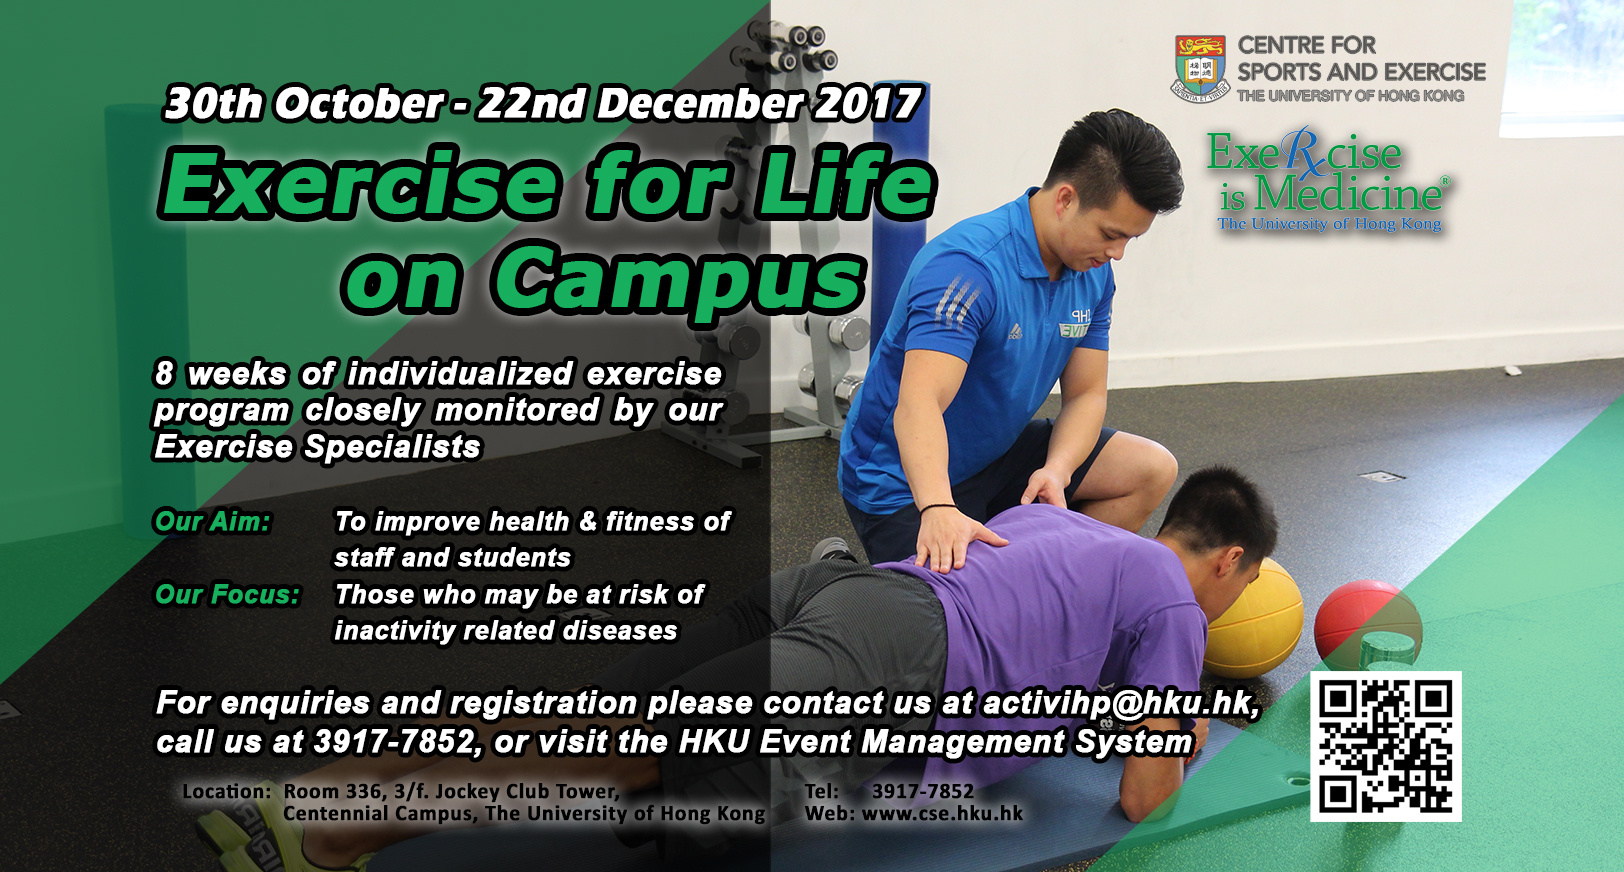 Exercise for Life on Campus Programme
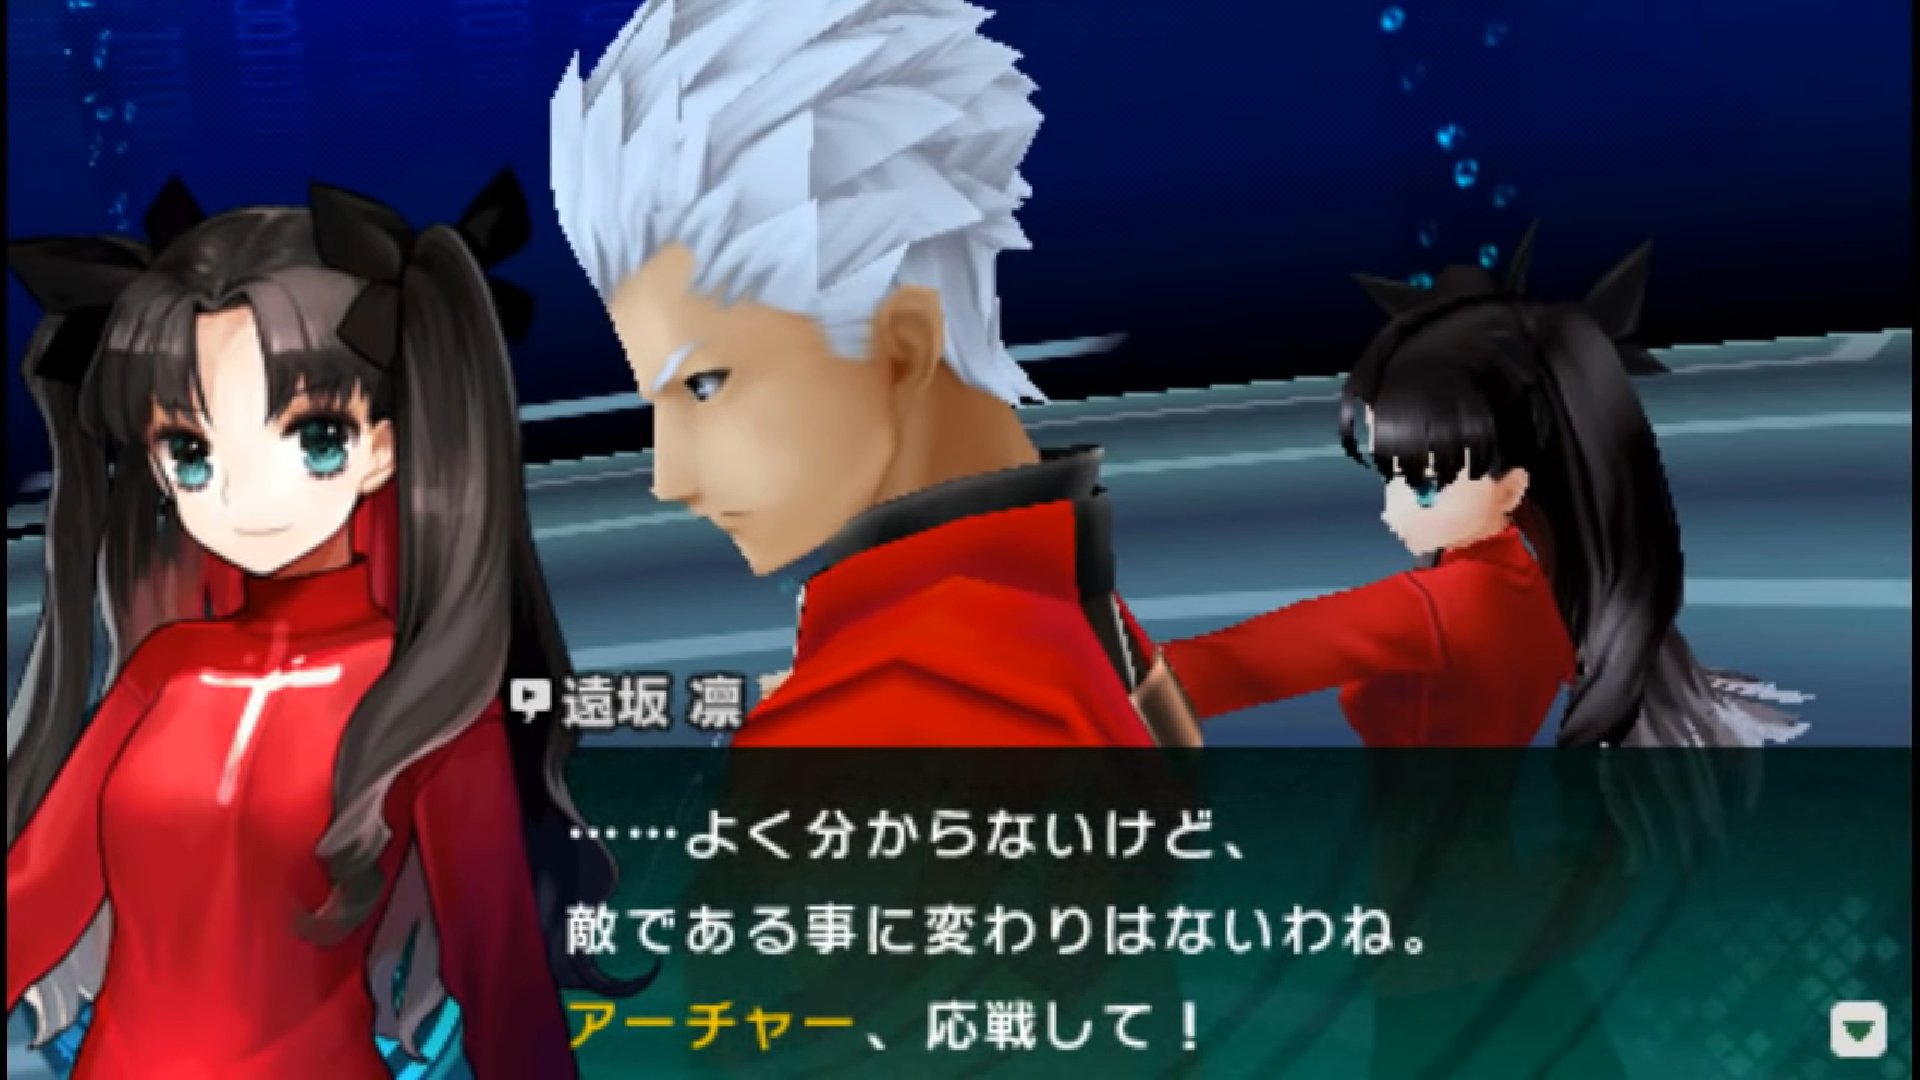 Twitter 上的kars A Fun Note Is That The Original Rin And Her Emiya Do Appear In Fate Extra Ccc Meanwhile Hakuno S Emiya And Rin S Emiya Cynically Comment On How They Have To Fight
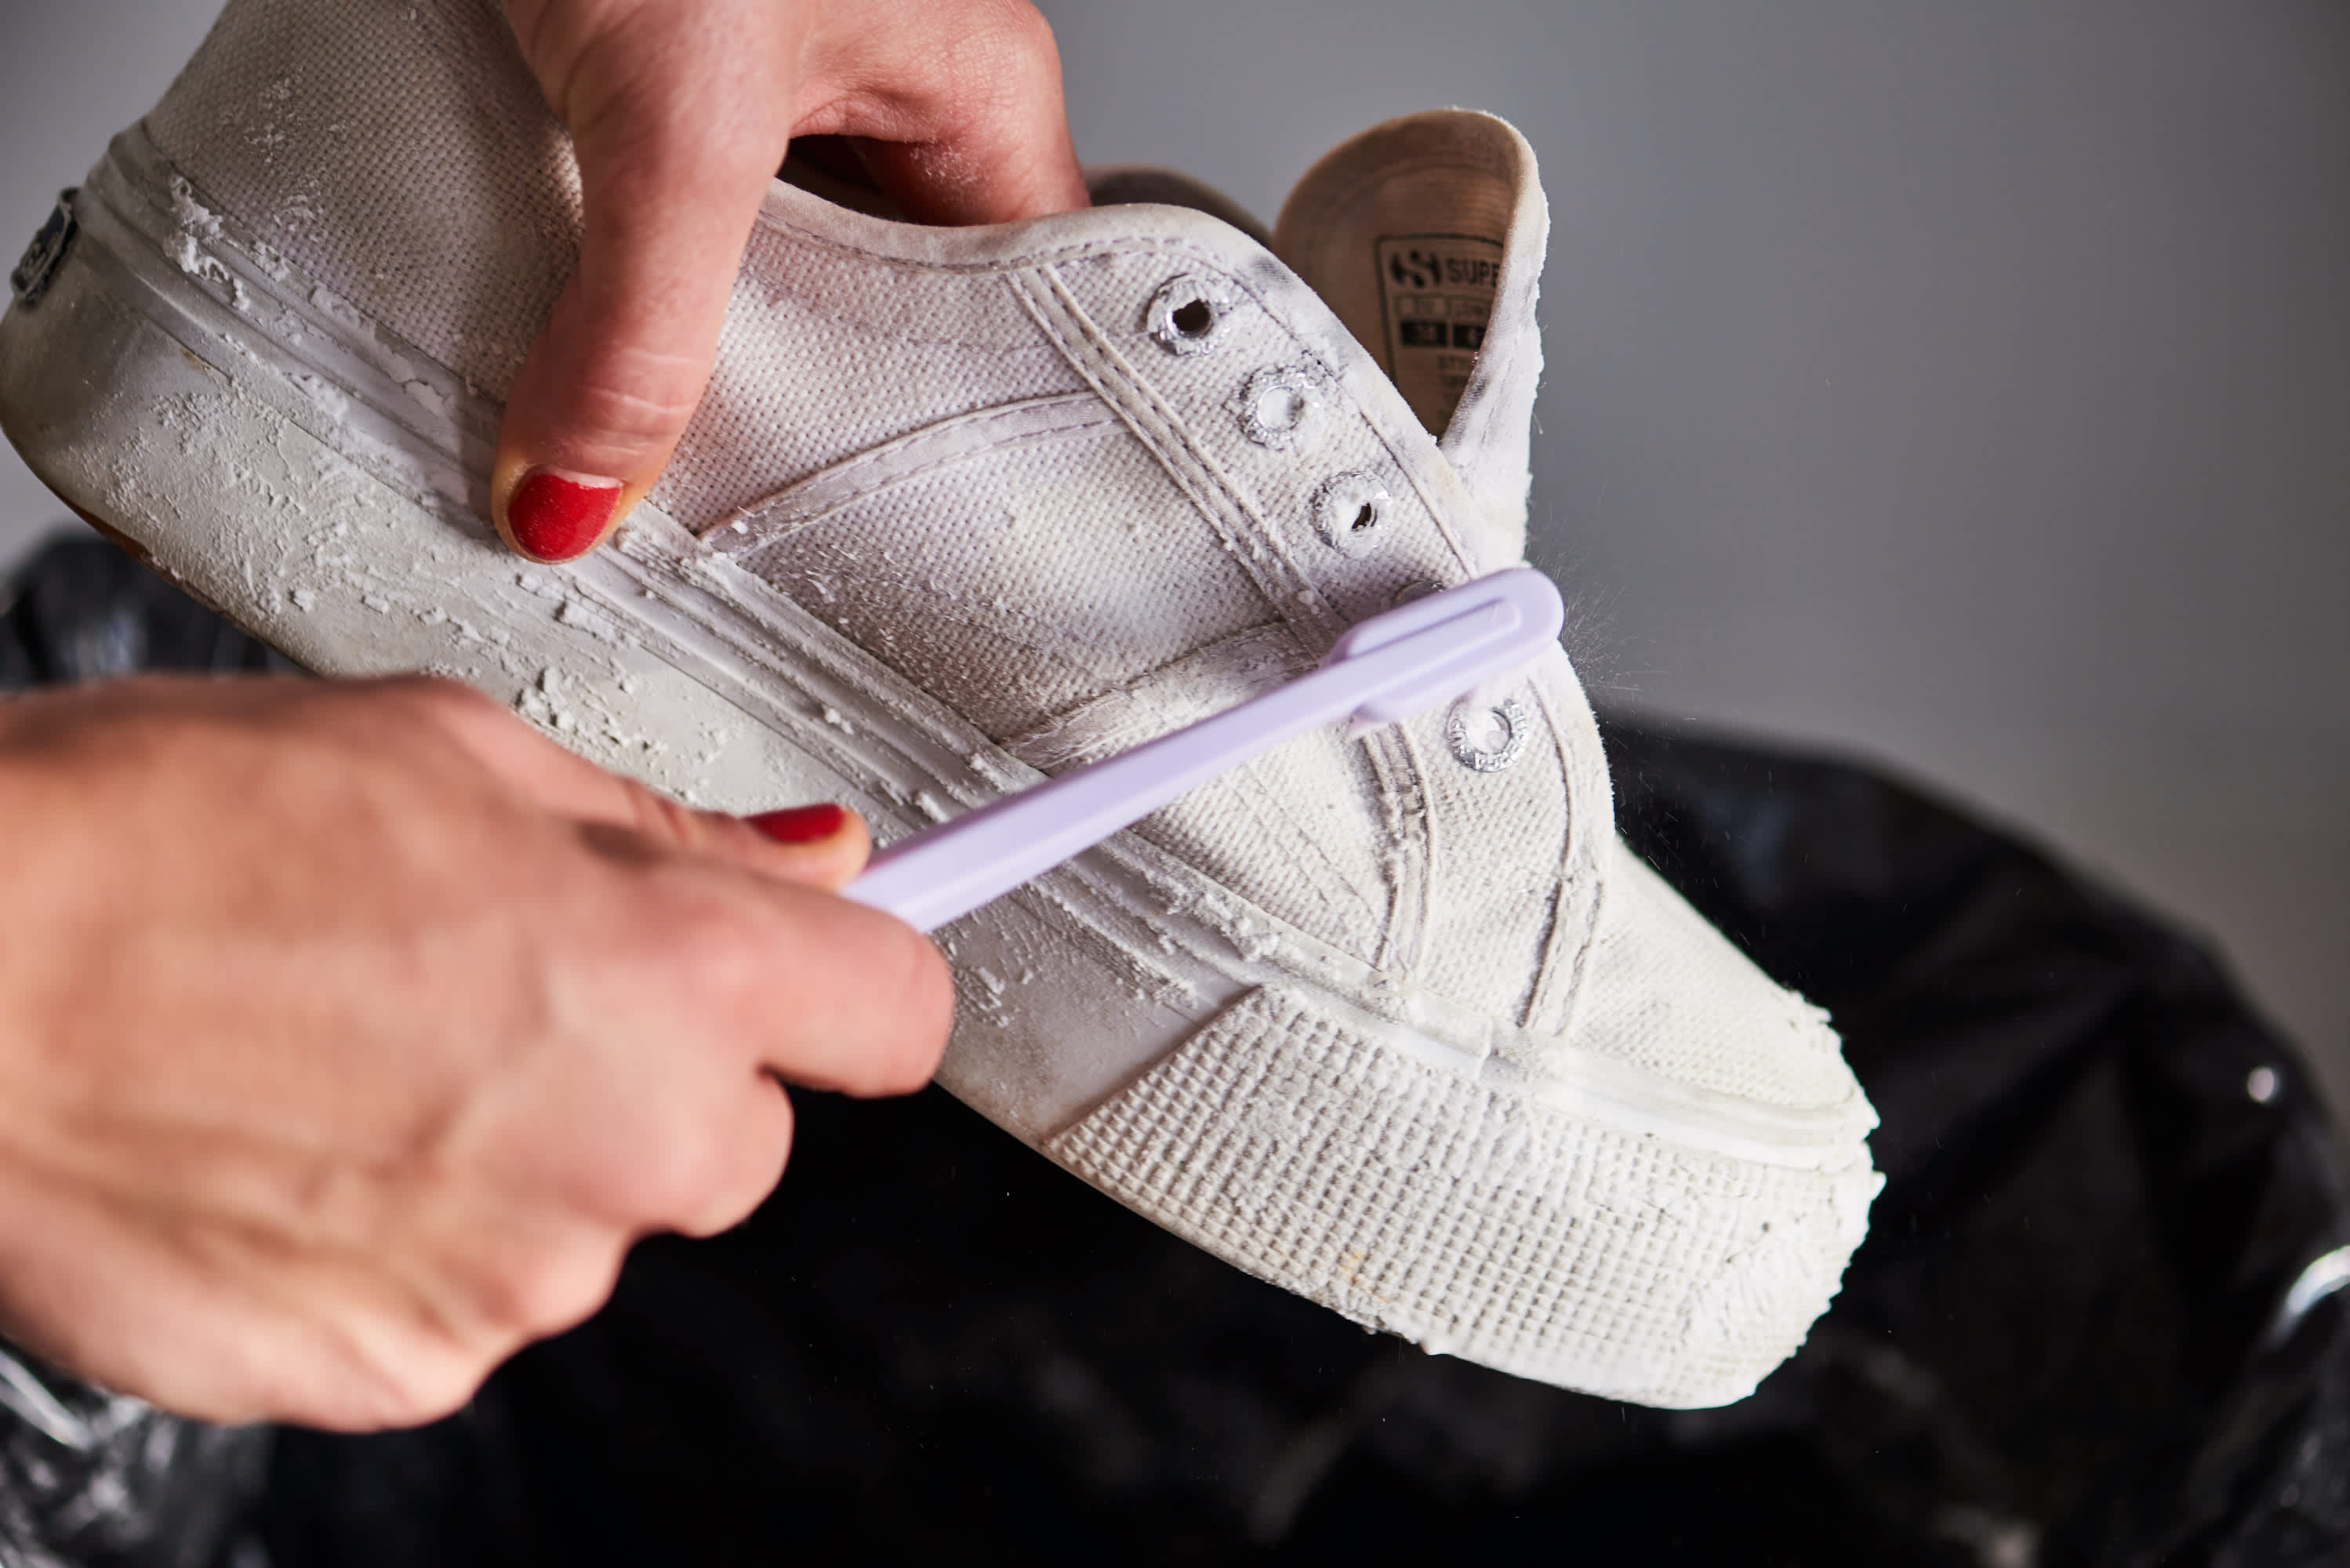 How to Clean White Shoes & Make Shoes White Again 7 Easy Ways

Task prompt
Set down nothing but the lines from the one containing "Twitter 上的kars A" to the final line above, both included, with every picture left out.

Result of the task
 Twitter 上的kars A Fun Note Is That The Original Rin And Her Emiya Do Appear In Fate Extra Ccc Meanwhile Hakuno S Emiya And Rin S Emiya Cynically Comment On How They Have To Fight
 How to Clean White Shoes & Make Shoes White Again 7 Easy Ways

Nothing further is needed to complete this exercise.